Namibian small and medium enterprises (SMEs) face significant roadblocks in accessing lucrative international value chains, including innovation gaps, financial constraints, and global market barriers, according to a new report.
According to the United Nations Economic Commission for Africa (UNECA), SMEs are hindered by limited access to technology and financial constraints and struggle to navigate complex global markets.
The UNECA noted that stakeholders must unite to foster an environment conducive to SME development and resilience.
The report on ‘Building linkages between micro, small and medium-sized enterprises and multinational companies from the global south’ indicates that established SMEs are preferred suppliers for multinational enterprise affiliates.
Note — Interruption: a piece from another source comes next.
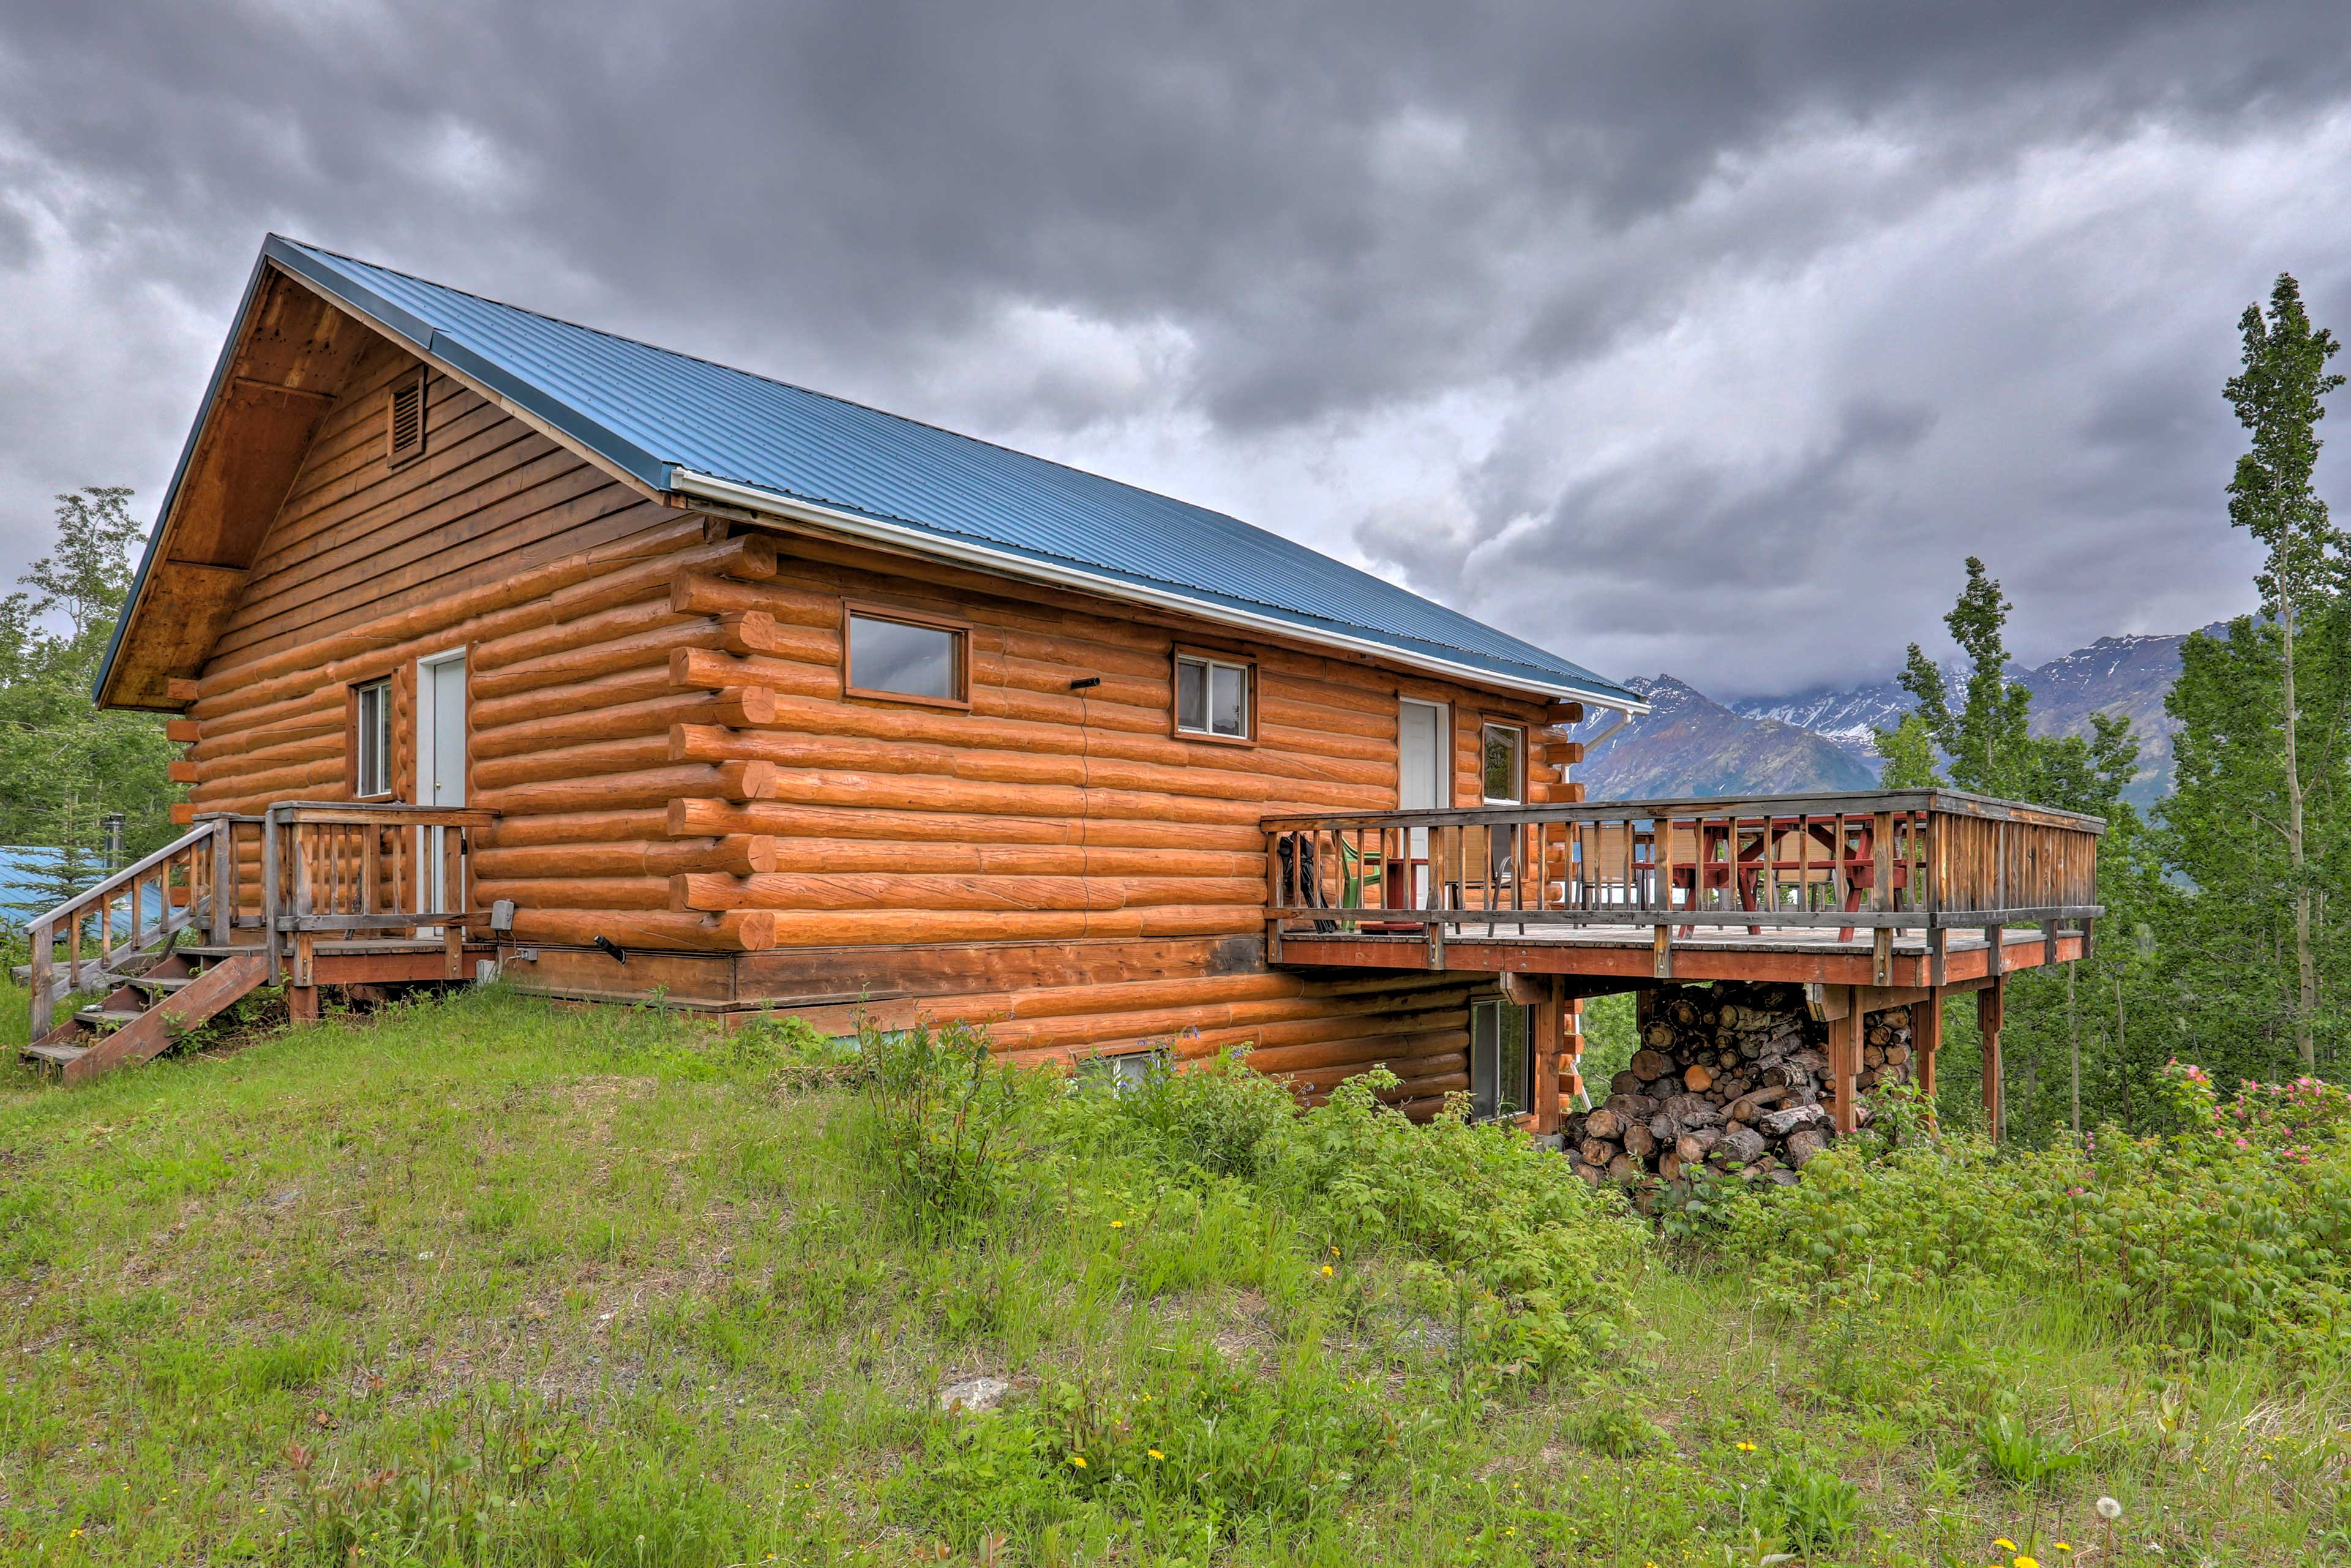 This 3-bedroom, 1-bath cabin offers a world-class Alaskan destination!

“These enterprises benefit from backward linkages in terms of employment, wages, environmental sustainability, foreign buyers, and innovation. They receive more support from multinational enterprises and their relevant experience is a key factor in supplier selection,” the report reads.
However, UNECA adds that established SMEs are less likely to form technological partnerships abroad and capitalise on innovation opportunities through direct market competition with foreign companies compared to younger enterprises.
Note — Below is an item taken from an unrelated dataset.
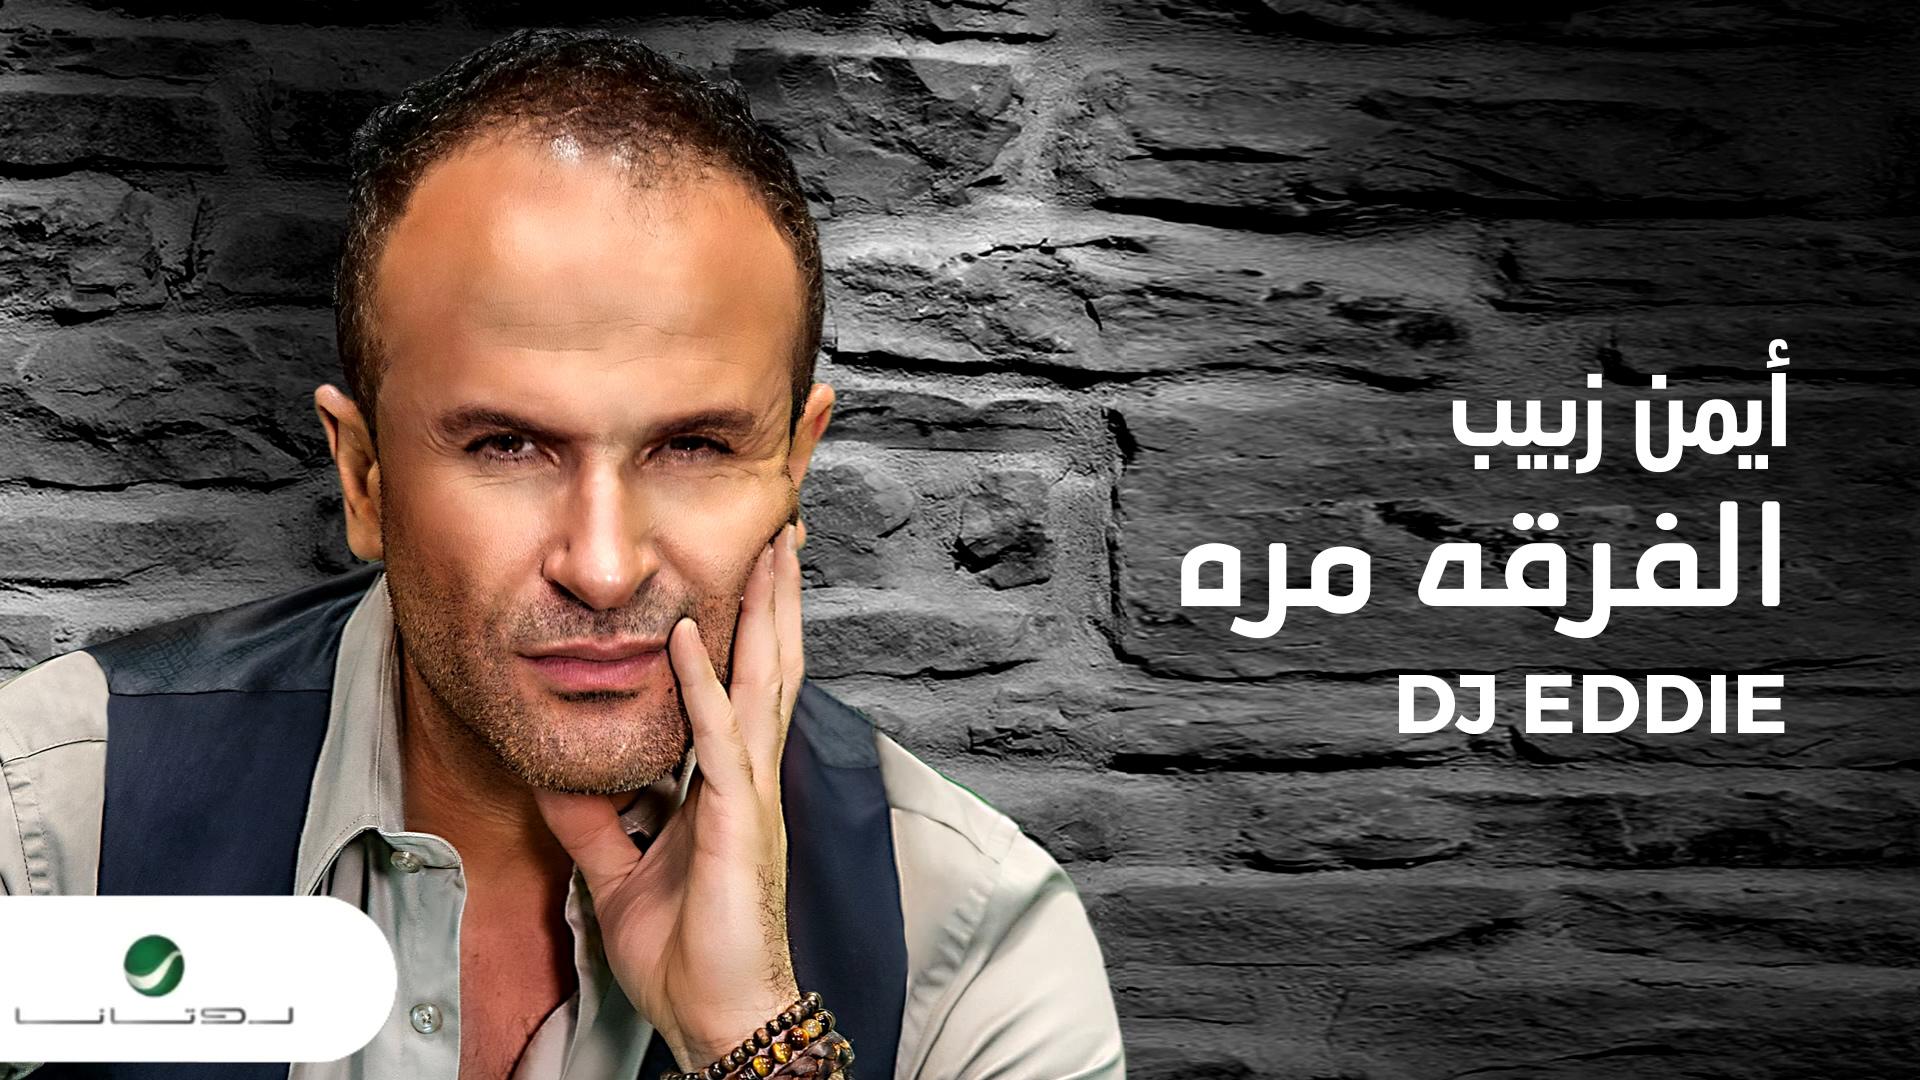 Ayman Zbib - El Forga Morrah أيمن زبيب - الفرقه مره

The report highlighted that export-oriented SMEs are more likely to supply multinational enterprise affiliates and receive support from them.
“They benefit from backward linkages in terms of employment, wages, investments, sustainability, and innovation,” said UNECA.
However, the report noted that foreign companies tend to prefer local buyers focused on domestic markets for establishing forward linkages.
“Strongly domestic-oriented SMEs play a crucial role for multinational enterprises in establishing forward linkages,” said the report.
The survey emphasised that innovative SMEs are more likely to establish linkages with foreign-owned companies, although they receive less support from foreign buyers and suppliers.
UNECA said the willingness of local SMEs to update production processes is a crucial factor in supplier selection.
“Innovative SMEs reap benefits in terms of employment, wages, investments, sustainability, buyers, and innovation. They are also more responsive to foreign competition and likely to establish technological partnerships with multinational enterprise subsidiaries.”
The report also revealed that larger local companies are preferred suppliers for foreign multinational enterprise affiliates and receive more support benefiting from backward linkages in various aspects and are more likely to establish forward linkages with foreign companies.
“Small size is a key obstacle for SMEs in accessing international value chains. Smaller companies, however, are more responsive to foreign competition and demonstrate greater flexibility in adapting to market changes,” the study unveiled.
Similarly, access to external funding provides a competitive advantage for SMEs in receiving support from foreign buyers and reacting to market competition.
External funding facilitates investment and innovation. Informality poses a challenge for accessing external funds.
However, mobilising personal funding combined with external resources doesn’t provide an advantage in supplier selection by multinational enterprise subsidiaries.
Another point highlighted was that the level of education of the local labour force does not significantly correlate with the establishment of linkages or partnerships with foreign companies.
“Lack of vocational training is highlighted as a weakness by Namibian stakeholders. Multinational enterprise affiliates provide support to local suppliers, including training opportunities,” the report noted.